The greatest possibility of this comes in the moment of orgasm. The experience, including the buildup to it, engages Kochan's aesthetic of death in which the self is asserted solely in somatic terms (semen), but also annihilated, lost in an emptiness without set boundaries or specificity (in this case, in “intoxication”). The semiotics of sameness and difference are played out in orgasm in the sense that the self is distinguished from its erotic object while it identifies with that object. Describing his first masturbatory experience, Kochan narrates:
That day, the instant I looked upon the picture [of Saint Sebastian], my entire being trembled with some pagan joy. My blood soared up; my loins swelled as though in wrath. The monstrous part of me that was on the point of bursting awaited my use of it with unprecedented ardor, upbraiding me for my ignorance, panting indignantly. My hands, completely unconsciously, began a motion they had never been taught. I felt a secret, radiant something rise swift-footed to the attack from inside me. Suddenly it burst forth, bringing with it a blinding intoxication. …
(40)
The image to which Kochan responds (Guido Reni's painting of Saint Sebastian) is important in that it both accords with Kochan's pattern of fetishizing bodily emission (blood escaping from Sebastian's arrow-wounds) and originates the highly articulated erotic themes that he later associates with Omi: integumental penetration, recircularity, the ebbing of life in the escape of blood, and a well-formed body. In referring to his joy as “pagan” he recognizes his tastes as atavistic, recalling ancient aesthetic formulations, as well as transgressive, in that his fantasy object is not only male but western. The unconscious aspect of his masturbatory movements foreshadows Kochan's realizations toward the end of the text, in which he recognizes his “selves” to have been less freely determined than he expected. Again, although this self may be unconsciously generated, it is also obliterated in a state of intoxication (meitei).

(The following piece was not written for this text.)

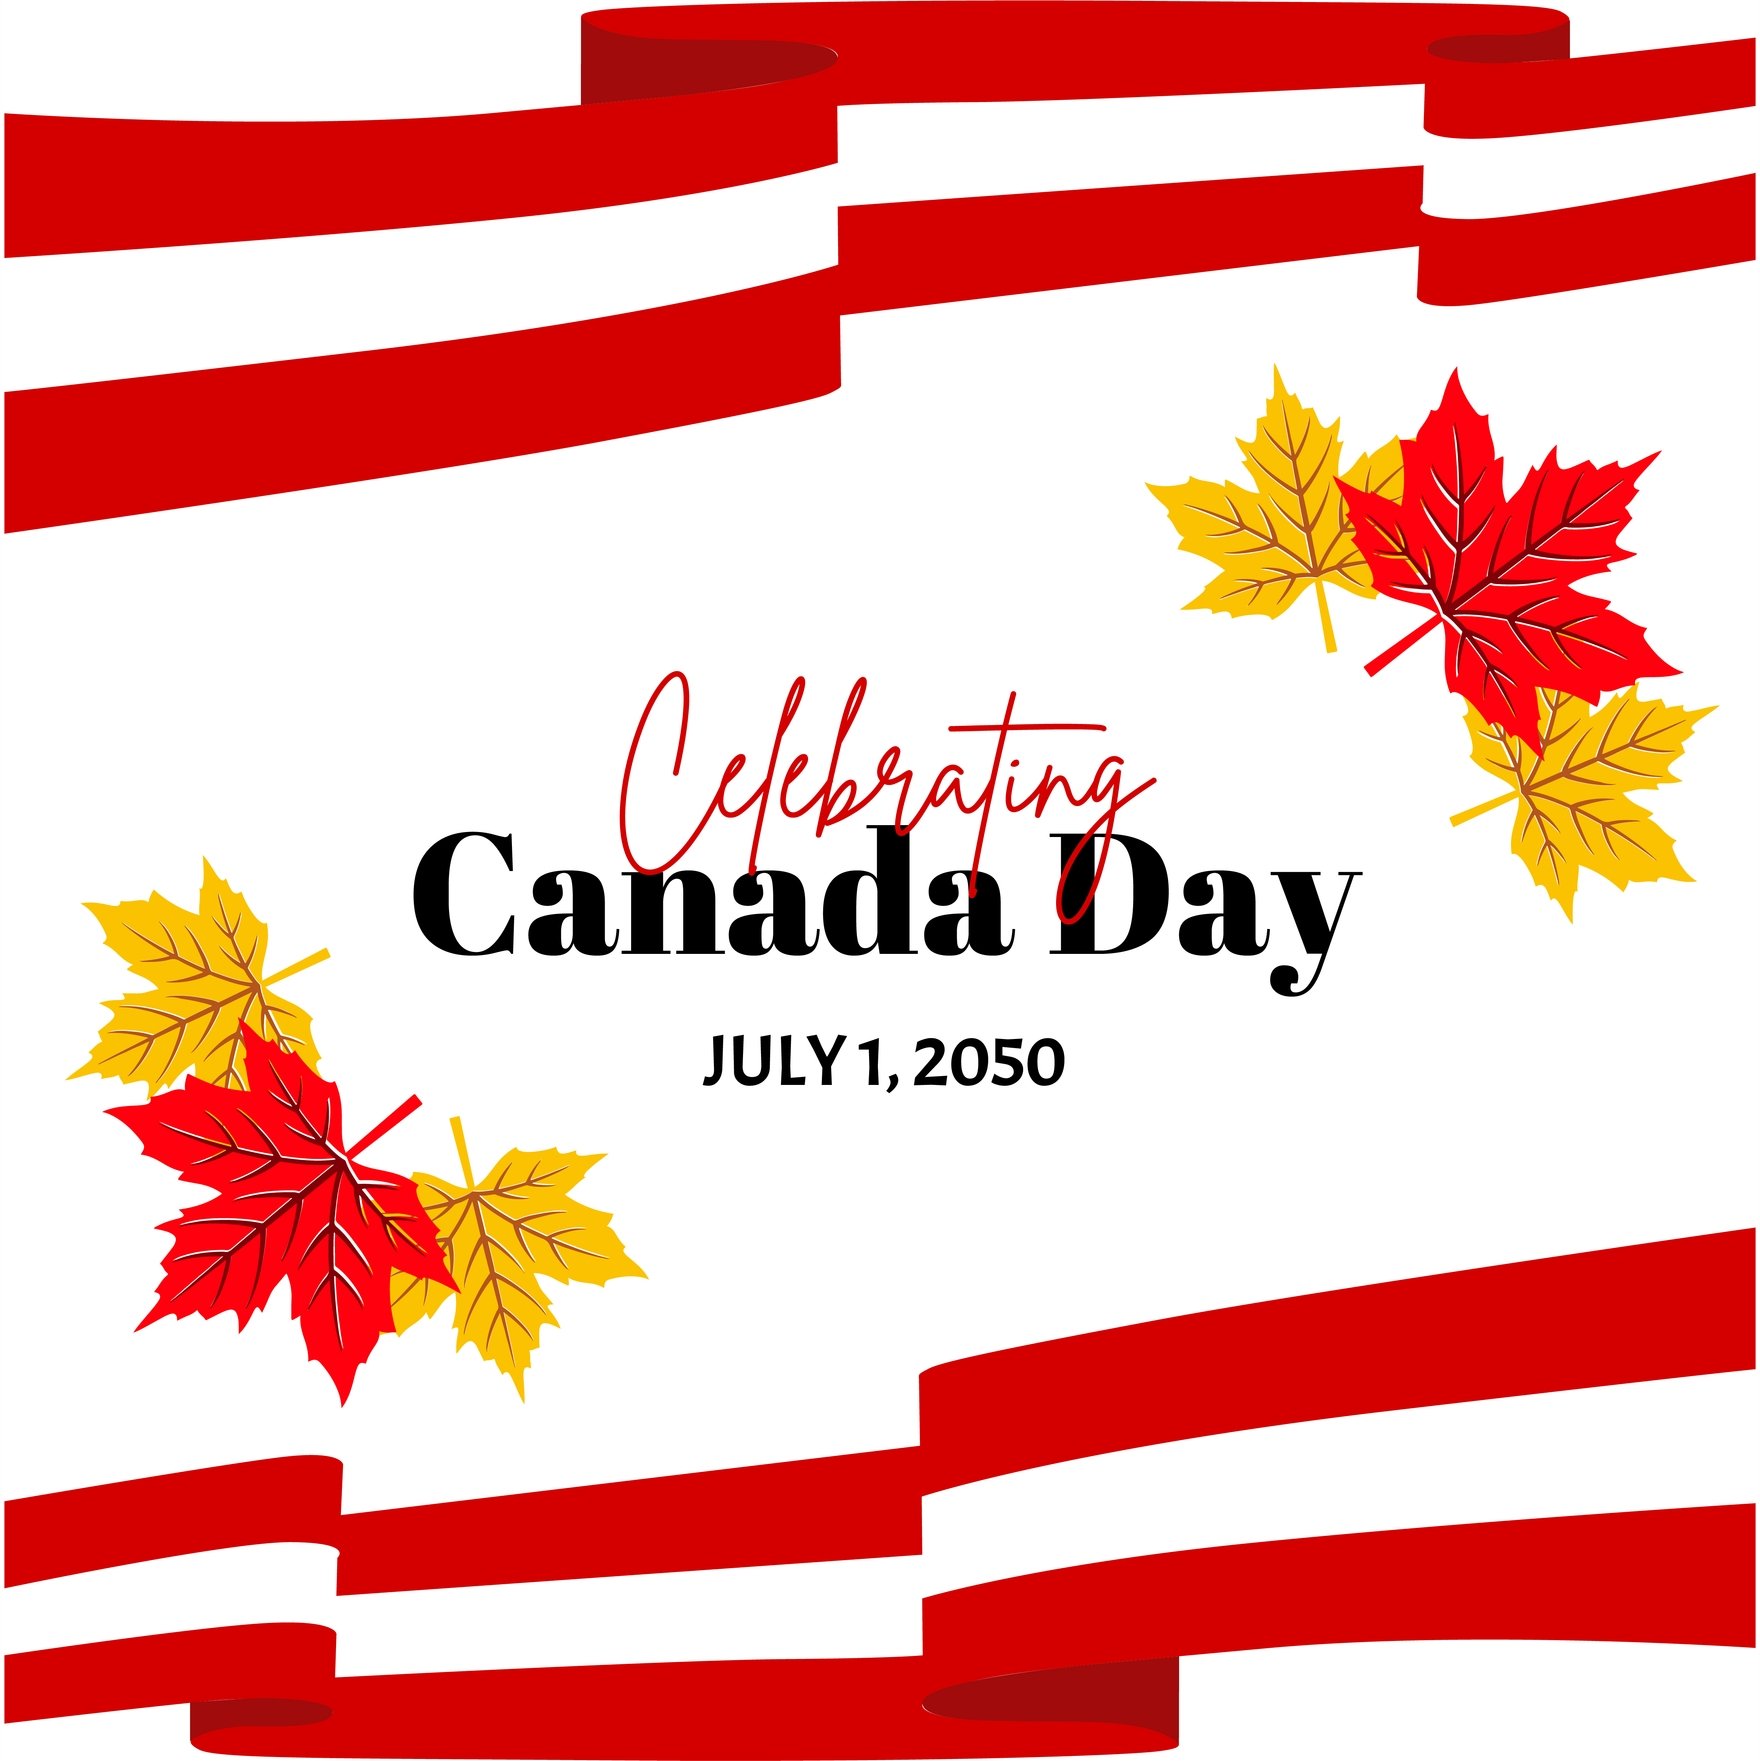 Canada Day Poster Vector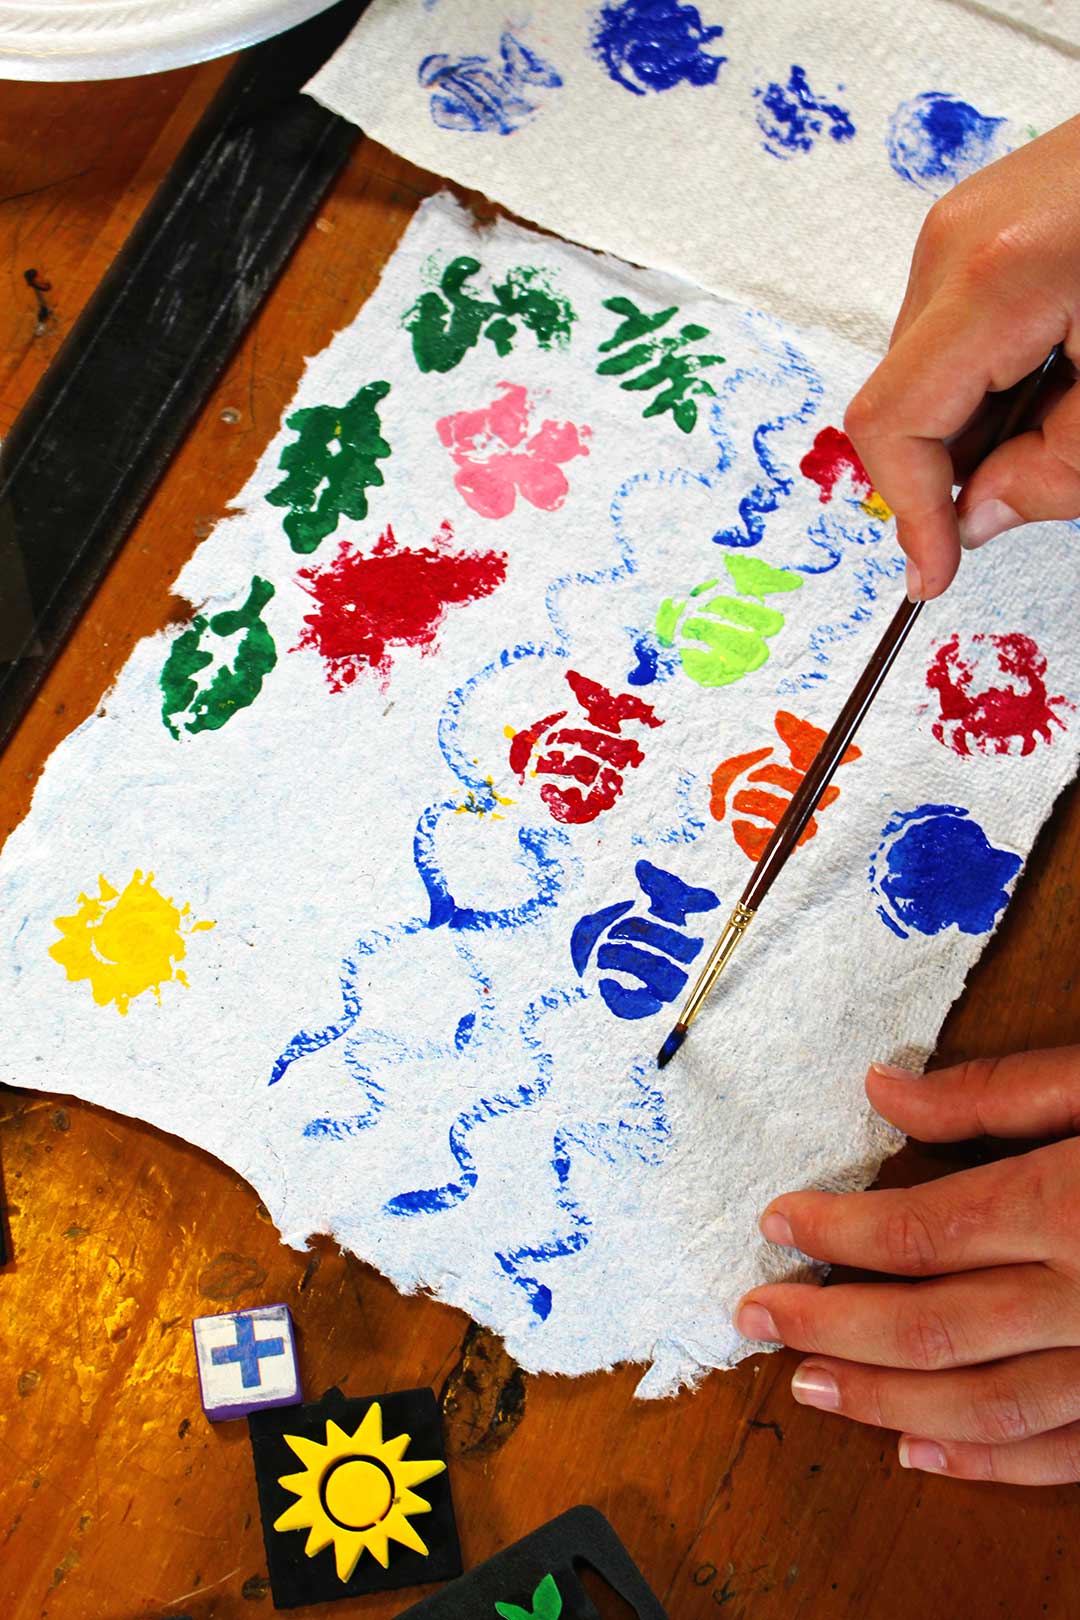 Homemade paper on wooden table. Child's hands painting water on stamped painting of fish.

The Japanese term for intoxication refers literally to drunkenness, a word that reinforces the notion of circularity by metaphorizing semen as urine, an effect of drinking, but also invokes other more archaic meanings that evoke the decadence of a Shinto festival in which Kochan reads in the faces of the young men carrying a shrine “an expression of the most obscene and undisguised drunkenness in the world” (33). After this first experience he frames his erotic narratives in similar secular/religious terms, calling the act of masturbation a “pagan ceremony” and the masturbatory image—“victim”—a “ritual sacrifice” (175).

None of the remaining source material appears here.